Она не получала официального назначения от правительства, но добровольно вступила в права хозяйки сиротского дома: просто некому больше было за это взяться. Она наняла врача-диетолога, налаживала снабжение продуктами и одеждой, лично проверяла состояние всех помещений, продумала ежедневный распорядок, договорилась с местными — в основном это были пенсионеры учителями, чтобы они приходили давать детям уроки, сама вела один класс, организовывала пикники, игры, прогулки верхом. Словом, она стала «мамой» для всех сорока трех детей. Ей было трудно, но она получала от работы удовольствие.

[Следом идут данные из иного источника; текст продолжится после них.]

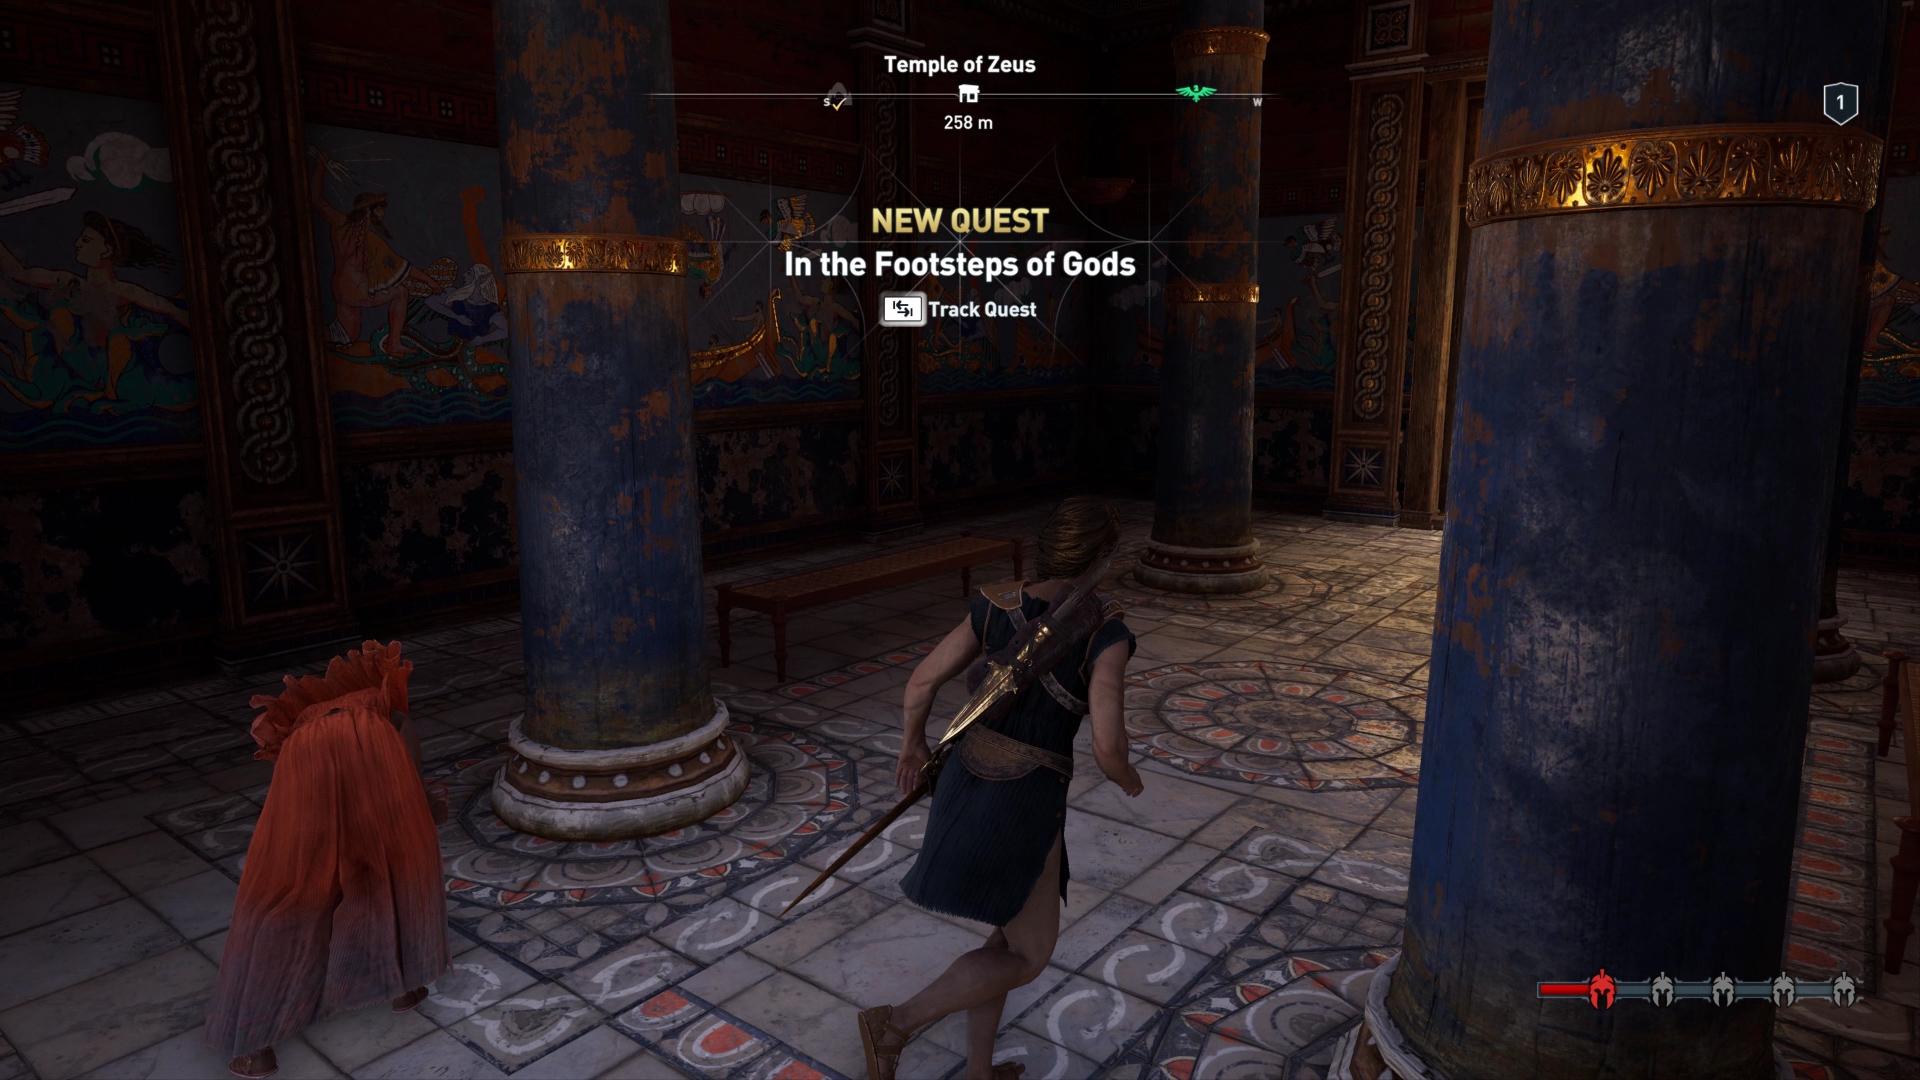 Assassin's Creed  Odyssey 2018.11.27 - 19.17.03.01.01_09_26_10.Still032.jpg

Питалась вместе с детьми, укладывала их спать, рассказывала на ночь сказки. В десять вечера она садилась на велосипед и отправлялась за три мили к себе домой в Одлиплэйс, где без сил валилась на постель, предварительно поставив будильник на шесть утра. «Нормальную» жизнь она имела возможность вести только по выходным. На эти дни из Лондона приезжал Ник. Но даже в выходные она проводила несколько часов с детьми в Траке-холле.
Ник никогда не забывал привезти жене из Лондона какой-нибудь подарок: шляпку, или новую книгу, или банку икры, купленную в ресторане «Клариджа». Таких продуктов, как масло, сахар, кофе почти невозможно было достать, икра же и прочие «предметы роскоши» едва не валялись на дороге в военном Лондоне. Он дарил жене подарки потому, что любил ее, гордился ею, а вовсе не из-за чувства вины перед ней за свою связь с Маргарет Кингсли. Ник считал встречи с этой женщиной чем-то вроде компенсации за тяжелые условия жизни под бомбежками. Да если бы Эдвина что-нибудь и заподозрила, она все равно предпочла бы делать вид, что ничего не произошло. К этому времени Эдвина уже смирилась с двойным стандартом своего мужа. Несмотря на это, она любила его и была так рада видеть его дома в выходные, что не затевала ссор, которые к тому же была обречена проиграть.
В третьи по счету выходные октября Ник привез ей из английской столицы самый лучший подарок: сына. Чарльз получил увольнение на трое суток. Он пообедал с отцом в «Кларидже» и отправился вместе с ним в Одли-плэйс. Ник испытывал смешанное чувство в отношении своего сына и наследника. С одной стороны он, конечно, гордился победами Чарльза над врагом. Но воспоминание о том вечере в их нью-йоркском доме, когда он застал Чарльза с Сильвией, все еще мучило его. Сотни раз с тех пор он задавался вопросом: оправданными ли были его подозрения или нет? В любом случае Ник как отец оказался несправедлив. Если действительно между его старшими детьми существовали интимные отношения, то они оба были повинны в том, что Ник называл для себя самым отвратительным преступлением. Если же ничего подобного на самом деле не было, тогда выходило, что Ник напрасно поломал жизнь своим детям. И если Оксфорд вроде бы понравился Чарльзу, то семейная жизнь Сильвии с Честером Хиллом, как Нику прекрасно было известно, была весьма далека от идеала. Беда была в том, что Ник не смел прояснить этот вопрос, ибо боялся столкнуться со страшной правдой. Порой он думал: «Неужели мне так никогда и не суждено узнать об этом?»